One morning, a few days after my luncheon with Uncle Peter I went downstairs and found two letters waiting for me. Both came from Cornwall. One was from Rolf; the other from Yorke, Tamblin and Company, the lawyers who had taken over the practice when Rolf’s father had given up.
I hesitated over them and deliberately picked up the lawyers’ letter first.
Dear Miss Cadorson,
A most extraordinary and alarming matter has arisen. It is difficult to explain by letter, but I think you should return to Cador immediately.
I assure you that it is of the utmost importance that you come without delay.
Your obedient servant,
James Tamblin
I was puzzled. To what could he be referring and why so mysterious.
I took up Rolf’s letter.
“My dear Annora.” I felt floods of relief sweep over me. At least he called me his dear Annora, so he could not hate and despise me as much as I had feared.
This is a most extraordinary matter. I really cannot believe it is true. James Tamblin, I know, is writing to you. I do think it is imperative that you should be here. It is a matter which will have to have thorough investigation, as you will agree …
How can I, I thought, when I don’t know what it is?
I am afraid I was a little bewildered at our last meeting and you did not find me very sympathetic. Annora, we have to forget that. It’s over. I still don’t understand it, but I am trying to put it behind me.
I want you to know that if you need my help over this I am here to be of assistance. Remember, I did study law to a certain extent. So you must call on me at any time you think I might be of use.
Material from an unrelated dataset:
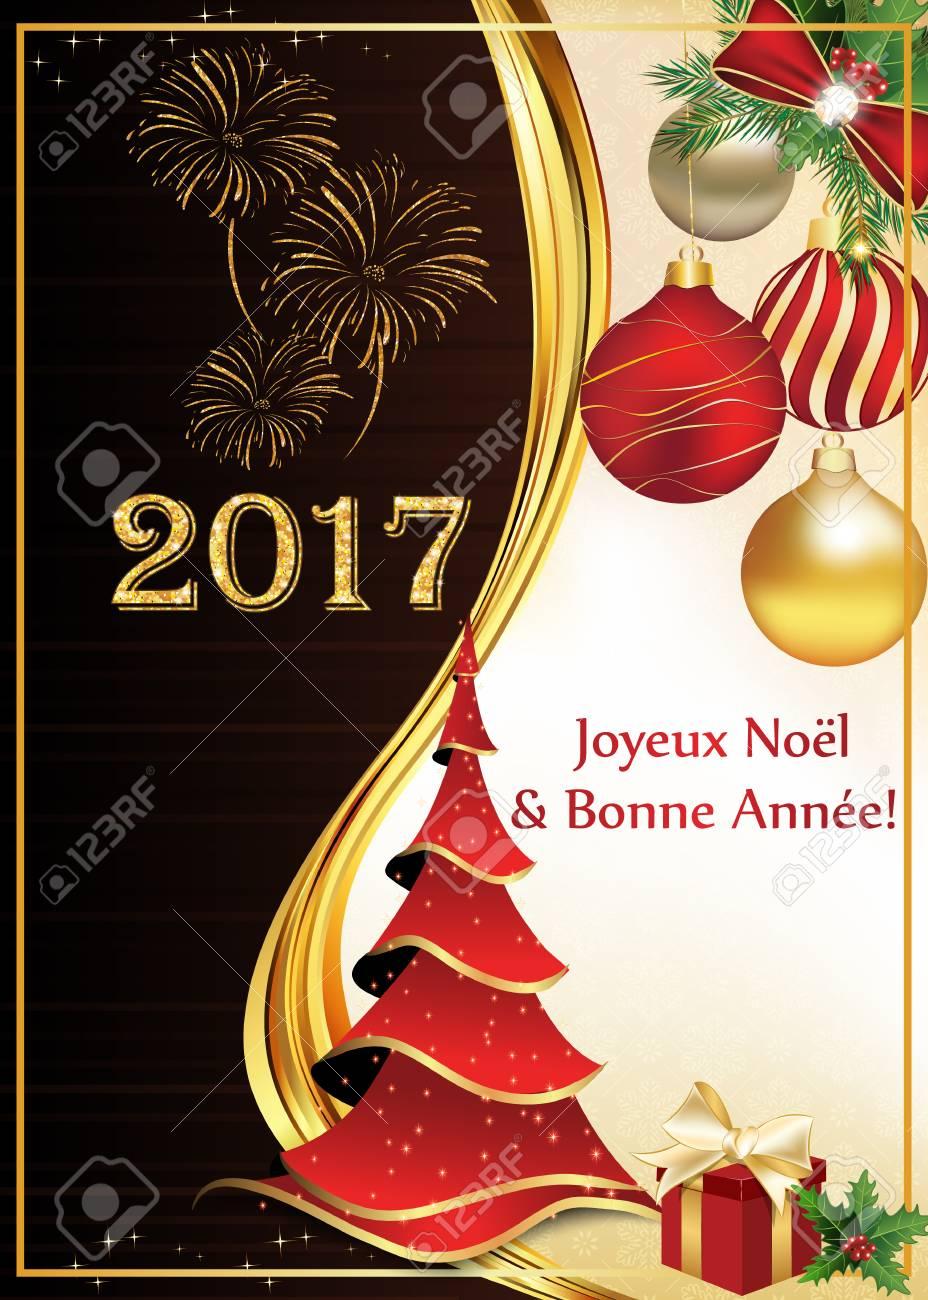 Elegant French Greeting Card For Winter Season 2017 French Wish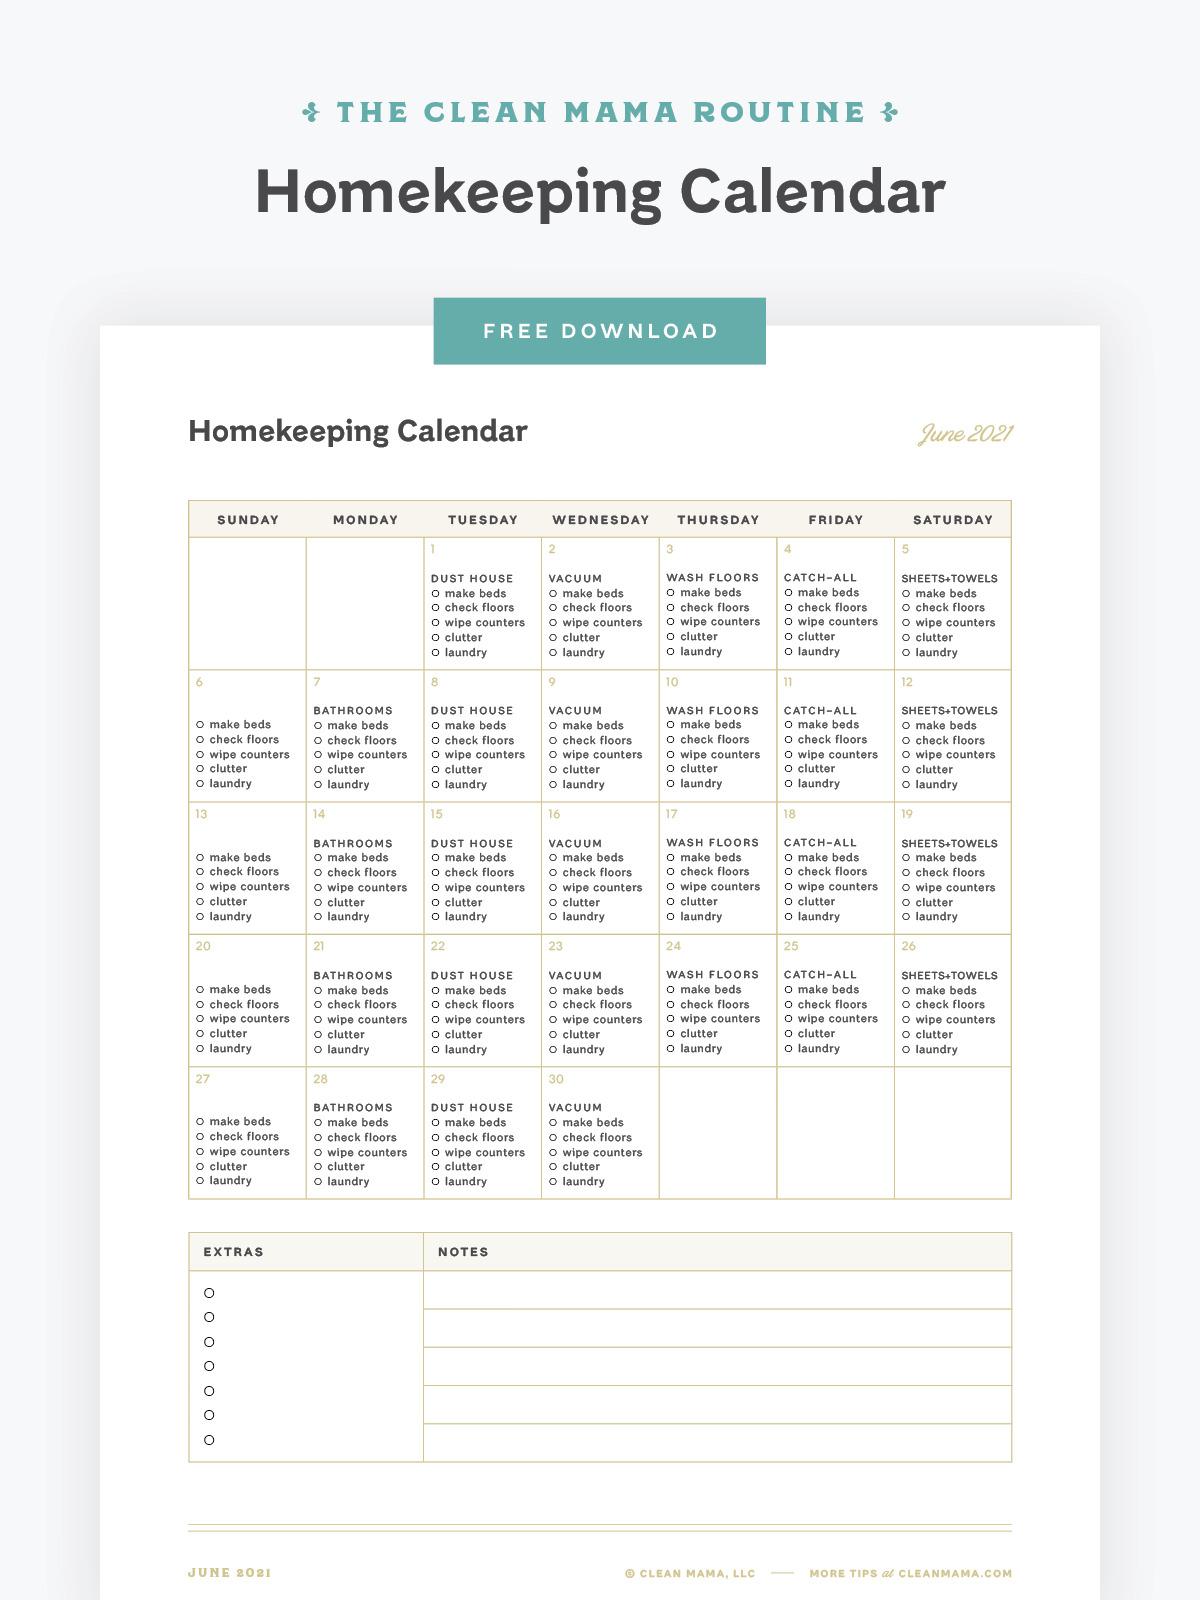 Free June 2021 Homekeeping Calendar – Clean Mama

Don’t worry. We will go on as though nothing has happened. I am sure this ridiculous claim will be proved to be false.
I hope we can be, as we always were, good friends.
Yours,
Rolf
I read both letters again. They were maddeningly obscure. What could have happened? I must know. I would return to Cornwall without delay.
There was consternation throughout the household when I produced the solicitors’ letter. Everyone was mystified.